说完,他低头对着谢衡说了几句谁也没有听到的话,就伸手抱起谢衡,快步走出演武场,几个跳跃消失不见了。
路和云一脸阴郁地看着这一切。夜归人嘻嘻笑着宽慰了他几句,就自顾自地去做自己的事情了。
路和月站在旁边,笑容恬淡:“哥,我就说过,你的方法是行不通的。”
她一身浅黄色的长裙,长长的黑发柔顺地披在身后,时不时被清风撩起几缕,一张小巧玲珑的脸上带着淡淡的笑容,弯弯的眉毛风情万种。

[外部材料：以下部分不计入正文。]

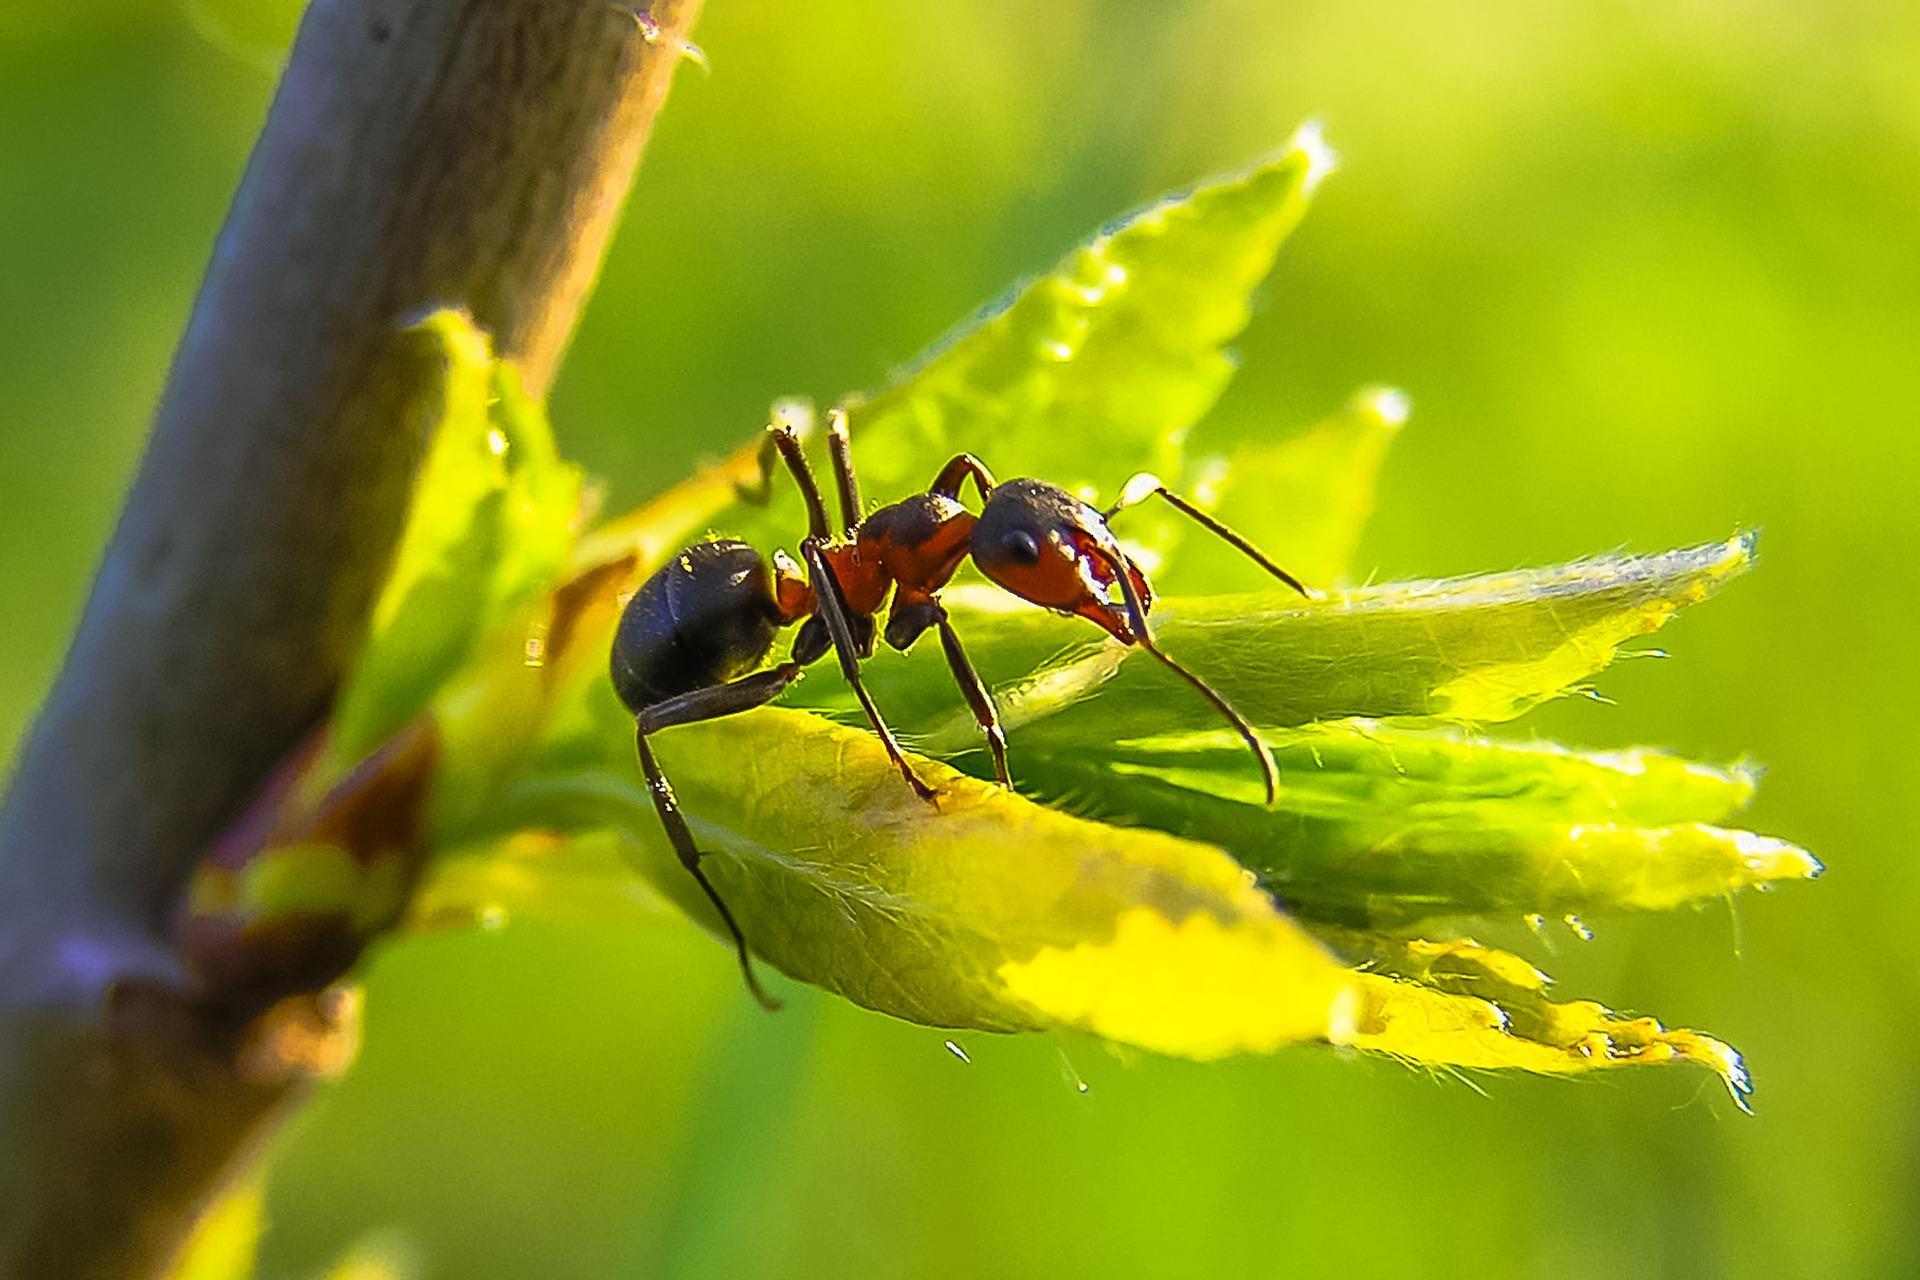 Ant Wallpaper HD for Android - APK Download

她道:“季师兄天赋惊人,风采卓然,本就是人人向往的情郎。”
路和云半垂着眼帘,身边看比试的各色人等都慢慢散去,留下他们兄妹二人在这空旷的场地。
她走到自己的哥哥面前,叹息道:“哥哥你压下那群女人又如何?横阁那群人,不还是把相看两相厌的季师兄和苏郁兴凑在一起,而根本没有注意到你吗……”

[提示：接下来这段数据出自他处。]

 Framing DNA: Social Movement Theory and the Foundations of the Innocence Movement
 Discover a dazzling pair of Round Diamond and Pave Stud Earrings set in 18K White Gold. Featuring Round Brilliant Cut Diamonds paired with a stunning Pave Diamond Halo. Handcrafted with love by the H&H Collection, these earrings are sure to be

“我的哥哥啊,她们是南华山的人,我们是涉川路家的人,论亲论故,她们当然更喜欢苏郁兴!”
路和云看着自己的妹妹,轻声问道:“所以呢?你想说什么?”
她嫣然一笑,恰似一朵白莲盛开。
“哥哥帮我得到夜归人,我就帮哥哥得到季边定。”
她笑得意味深长,语气十足诱惑:“是真正的得到哦~他的身体,他的眼神、他的一切……都是你的。”
路和云抬头看着天空,湛蓝的天空下,朵朵白云随风而动,时而聚合,时而分散。
“嗯。”
他们走出了演武场。
演武场门外的一棵大树上,一个浑身酒气,睡眼朦胧的中年人,穿着宽松的衣衫,躺在树枝上。
他抓了抓被睡得皱巴巴的衣衫,倚着树枝转了一个身,小声嘟囔道:“……年纪轻轻的,心思倒挺重……”
这个落魄的中年人摸了摸自己的酒葫芦,就满脸醉意地睡过去了。
☆、横生波折雁丘宴
“啪!”
季边定一巴掌把又冲着他蹦起来的谢衡拍下去。
他坐在树上,神情忧郁,眉头紧锁,团团则坐在他旁边,抱着一个苹果哼哧哼哧地啃着。
“所以说,这心魔到底是什么鬼东西?”
从来没有过心魔的季边定,又一巴掌把从地上爬起来之后,气势汹汹地攻向他的谢衡糊到地上。
“这心魔莫不是在逗我吧?”
季边定想:就这看起来奇奇怪怪的样子,哪是心魔啊,这明明是走火入魔!上次不是扇两巴掌就好了吗?
团团突然喊道:“季边定你看看我!”
季边定转头看它,一脸不解:“干嘛……”
“啪!”
团团我记住你了!
季边定被谢衡整个身体撞下了树,后背狠狠地压在地面上。幸好他反射性地做了一点防护,不然怕不是连胃都要撞出来。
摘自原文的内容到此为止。